- _The data_:
--------------------------------------------------

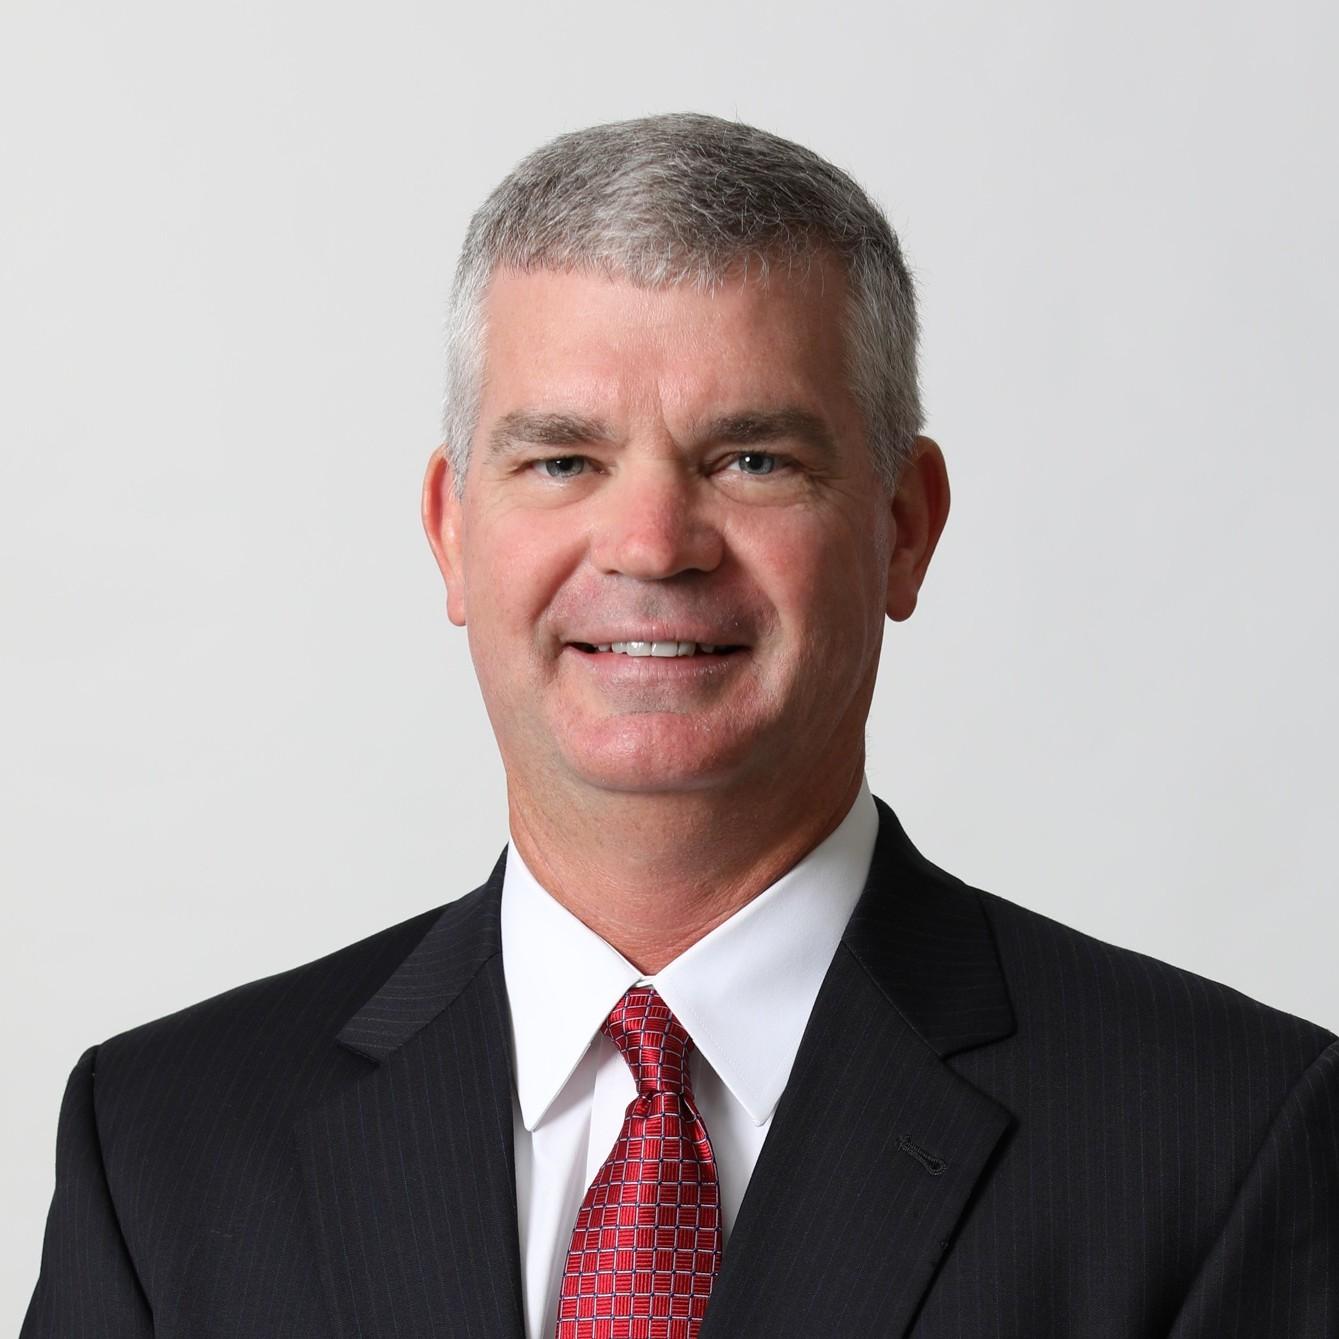 Past President: Curt Mackey
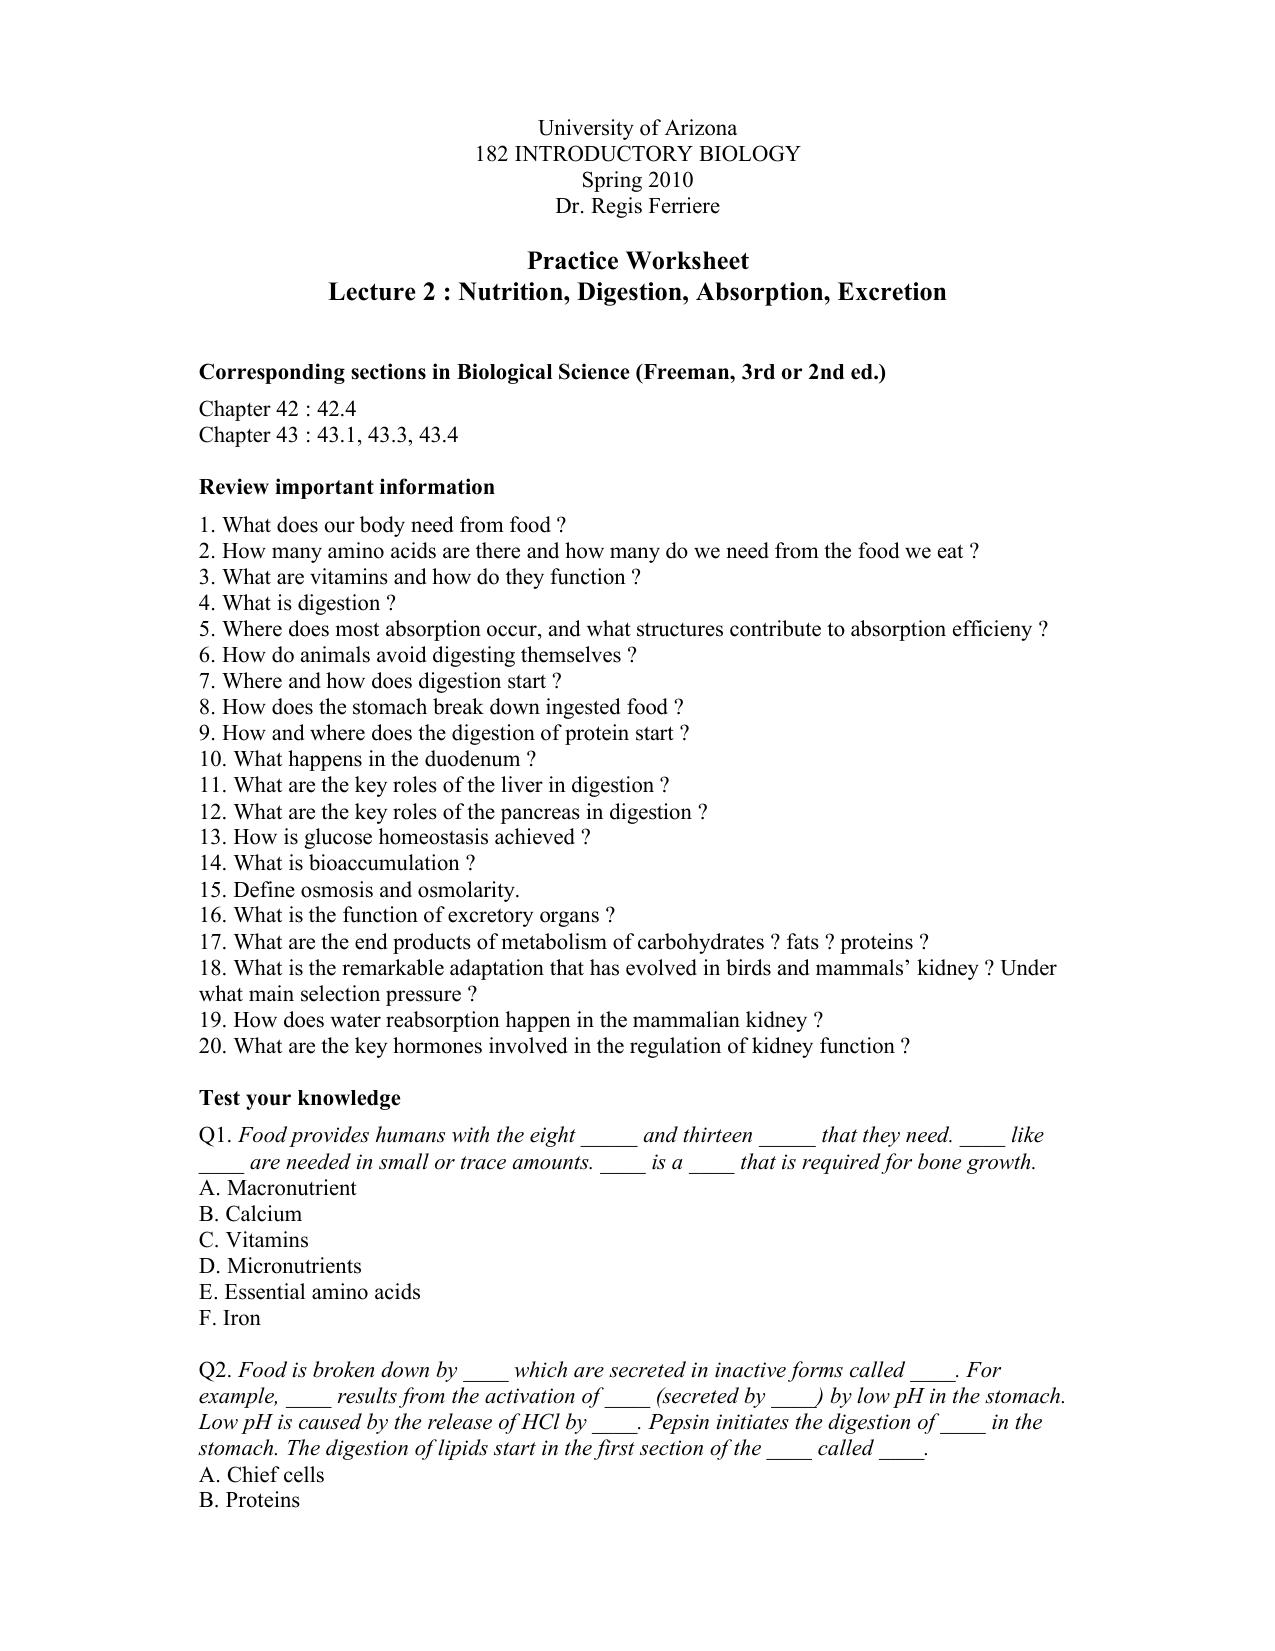 Kidney Questions Worksheet
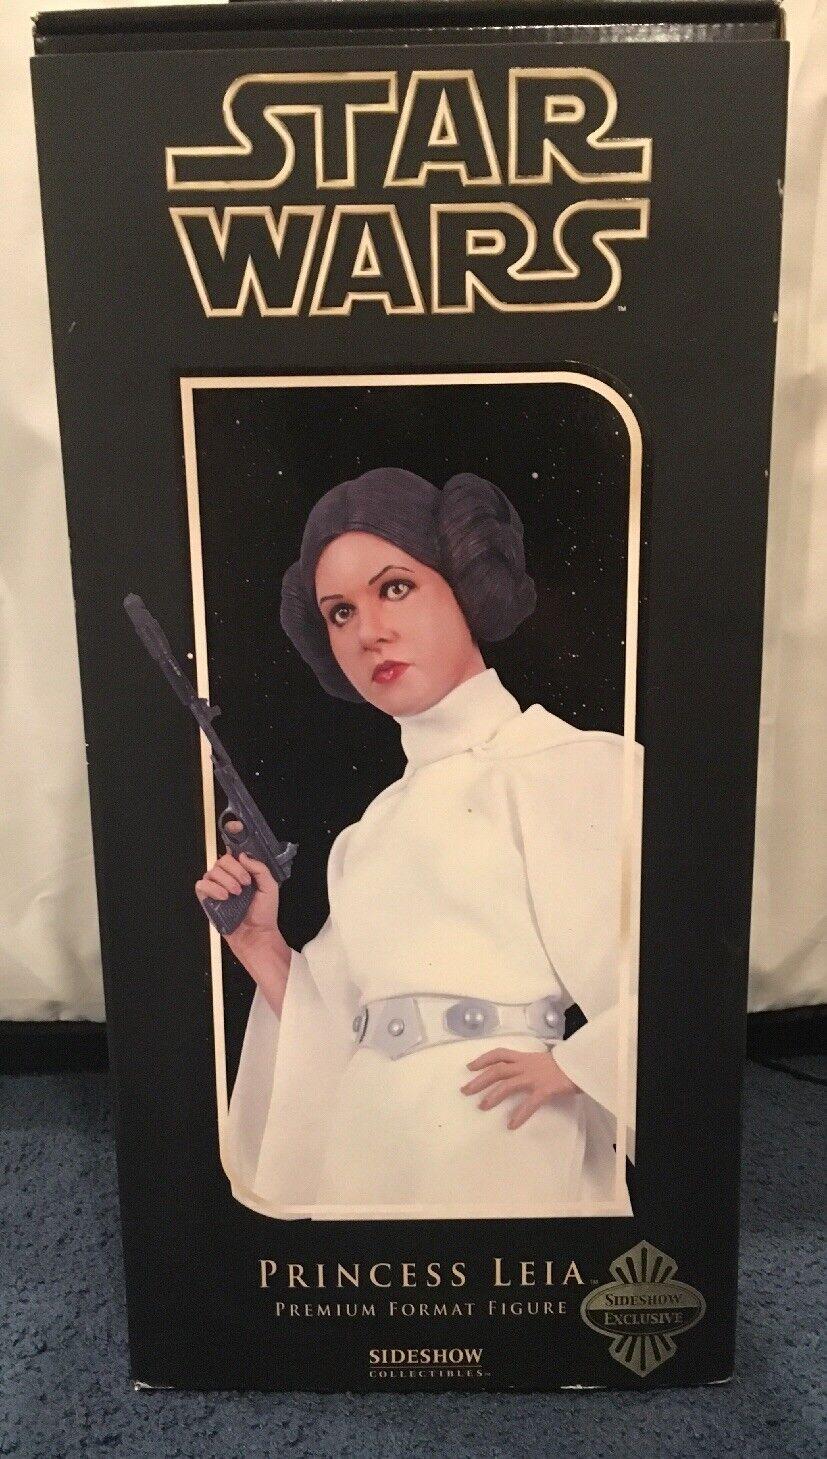 NIB Limited  0680RARE SIDESHOW Star Wars Princess Leia Premium Figure 1:4Statue
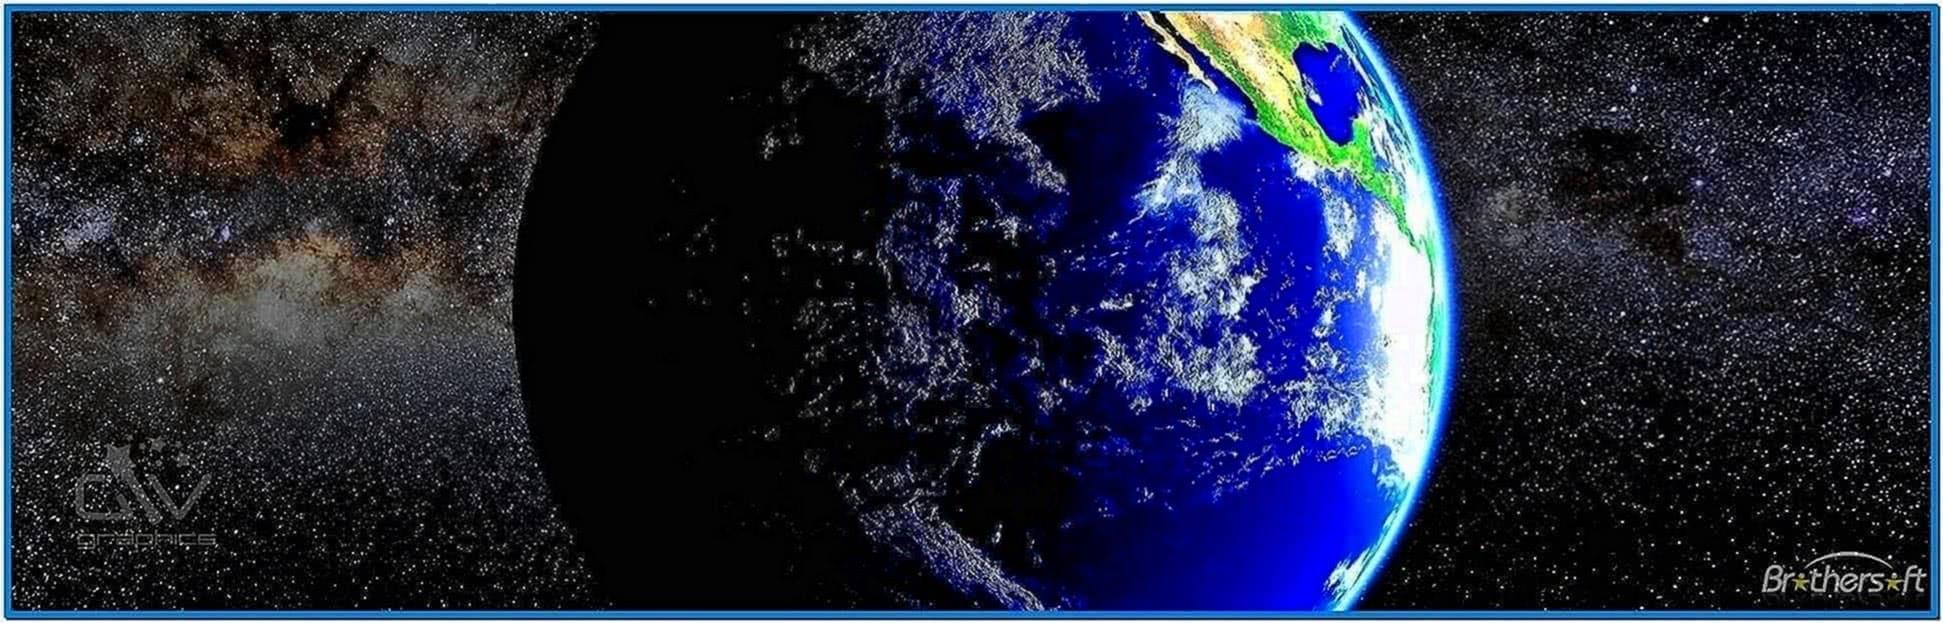 Planet Earth Screensaver 2.1

--------------------------------------------------

- _Exercise brief_: Your task is to write out, exactly and without pictures, only the lines from the one holding "Kidney Questions Worksheet" to the last line of the data.

- _Response to the task_:
 Kidney Questions Worksheet
 NIB Limited  0680RARE SIDESHOW Star Wars Princess Leia Premium Figure 1:4Statue
 Planet Earth Screensaver 2.1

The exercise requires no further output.